# Photos of Gregavi's HT



## Gregavi

The Floor Plan










Construction of the Stage










Openings for Equipment, Server and Wine Cooler










Equipment Access Through the Back Door










Equipment Rack from the room










The Bar Area










One of My Excellent Bar Stools










The Recliners










The Exit










The Family is getting comfy










It's Show Time










Screen Shots


----------



## engtaz

Nice setup. Congrats


----------



## mjcmt

Boy, your place looks like its ready for the Super Bowl party! And don't forget the keginator to go with The Terminator.

Are those Klipsch Belles for your left and right? What is that center speaker and your rears too?


----------



## Gregavi

Thanks. Yes, the Superbowl is in the plans but not the keginator. 

They are not the Belles but the very similar La Scalas. The center is a Klipsch Heresy. For the rears I have Def Tech Bi polar.


----------



## mjcmt

Gregavi said:


> Thanks. Yes, the Superbowl is in the plans but not the keginator.
> 
> They are not the Belles but the very similar La Scalas. The center is a Klipsch Heresy. For the rears I have Def Tech Bi polar.


I hope I didn't offend you when I offered the keginator suggestion. I saw your bar and the Arnold picture and couldn't resist. Anyway, have a good SB party.


----------



## TCinGA

Nice room - looks comfy. I like the bar stool seats behind the recliners

Those are most obviously some important sneakers. They've got a seriously good seat pearched on the LaScala's ! Love the classis Klipsch line up !


----------



## Gregavi

mjcmt said:


> I hope I didn't offend you when I offered the keginator suggestion. I saw your bar and the Arnold picture and couldn't resist. Anyway, have a good SB party.


Not at all. We will have lots of bottled beer, wine and tequila. I used to own a liquor store in the town (Isla Vista) adjacent to the local university (UCSB) and sold thousands of kegs out there. My "gang" likes all different kinds of beer (Some like lager, some like amber and some like ales) so a keg doesn't make sense. Plus, leftovers go into my refrigerator. 



TCinGA said:


> Those are most obviously some important sneakers. They've got a seriously good seat pearched on the LaScala's ! Love the classis Klipsch line up !

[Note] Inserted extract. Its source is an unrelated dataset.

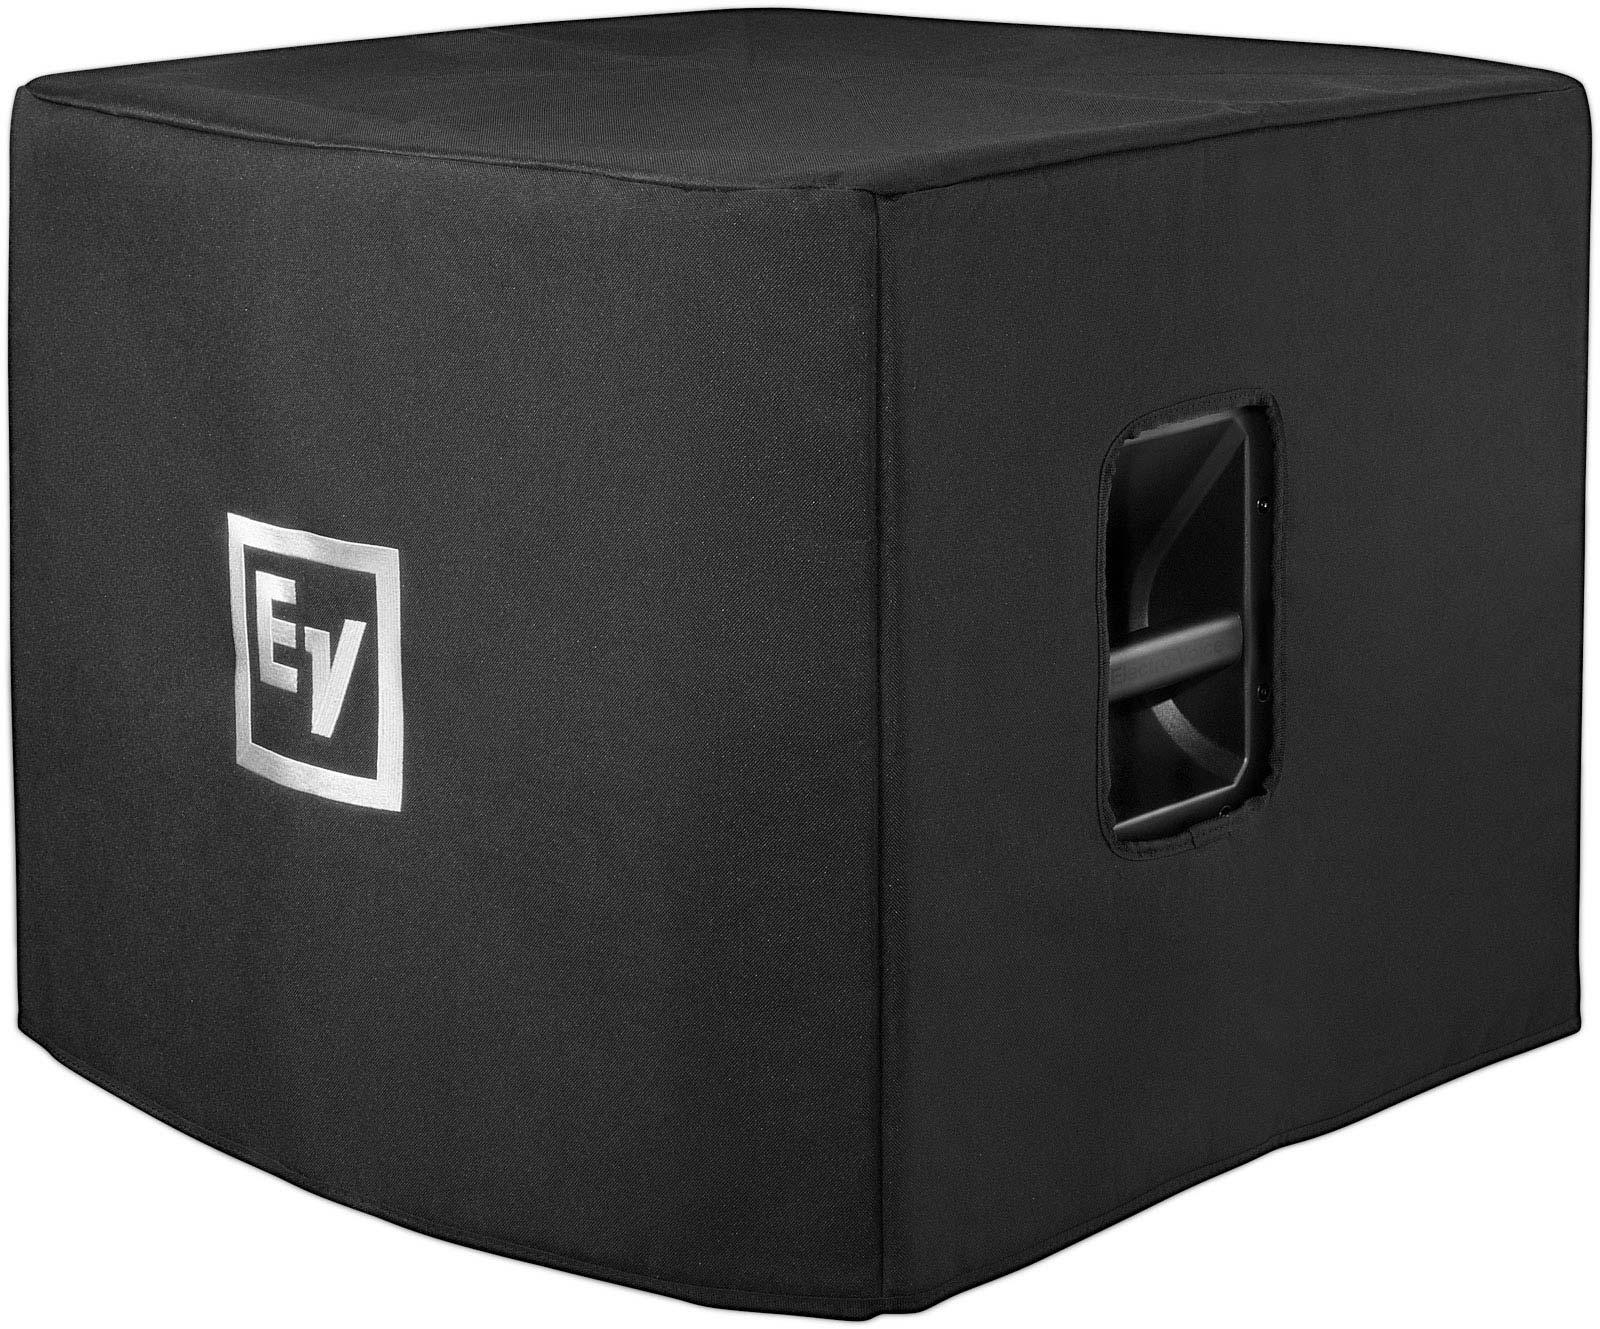 Electrovoice Ekx-18sp-cvr

The "sneakers" are autographed Kobe Bryant shoes I won at my daughters school fundraiser auction. I built the little Plexiglas case for them.


----------



## TCinGA

I kind of thought those were special "sneaks'  Very Cool !

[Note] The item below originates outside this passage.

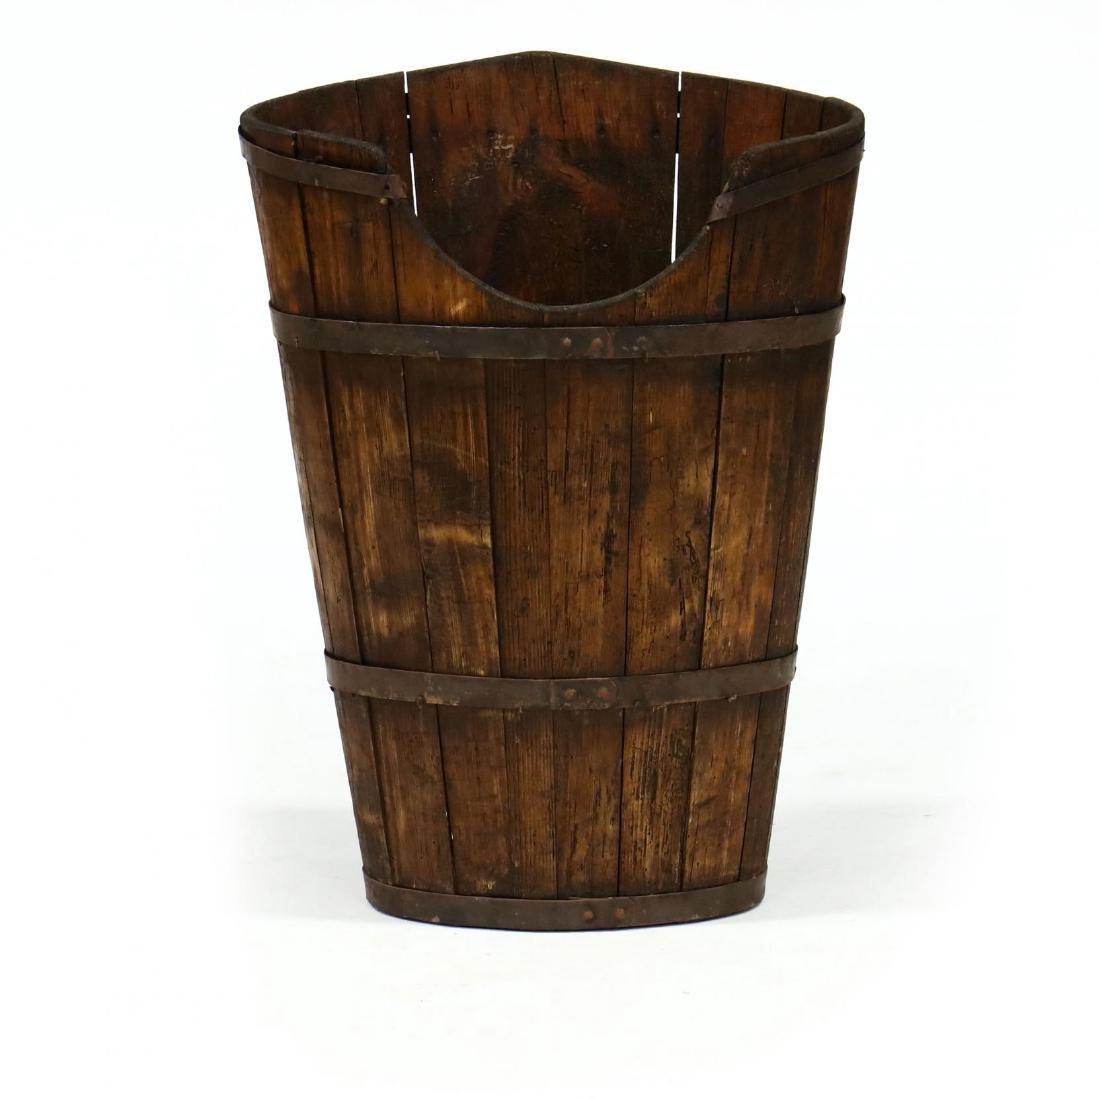 Antique French  Hotte  Grape Gathering Barrel

Like I said - they got a sweet pearch in a great room. Well done and enjoy the super bowl !


----------



## tcarcio

Very nice set up for sure, I am sure you will have a great time watching the Patriots win the superbowl in your home theater.


----------



## Gregavi

tcarcio said:


> Very nice set up for sure, I am sure you will have a great time watching the Patriots win the superbowl in your home theater.


That's what you said, no doubt, in '08. They definitely are odds on to win the SB. 

Go Packers!


----------



## mjcmt

Gregavi said:


> Go Packers!


Go Bears!


----------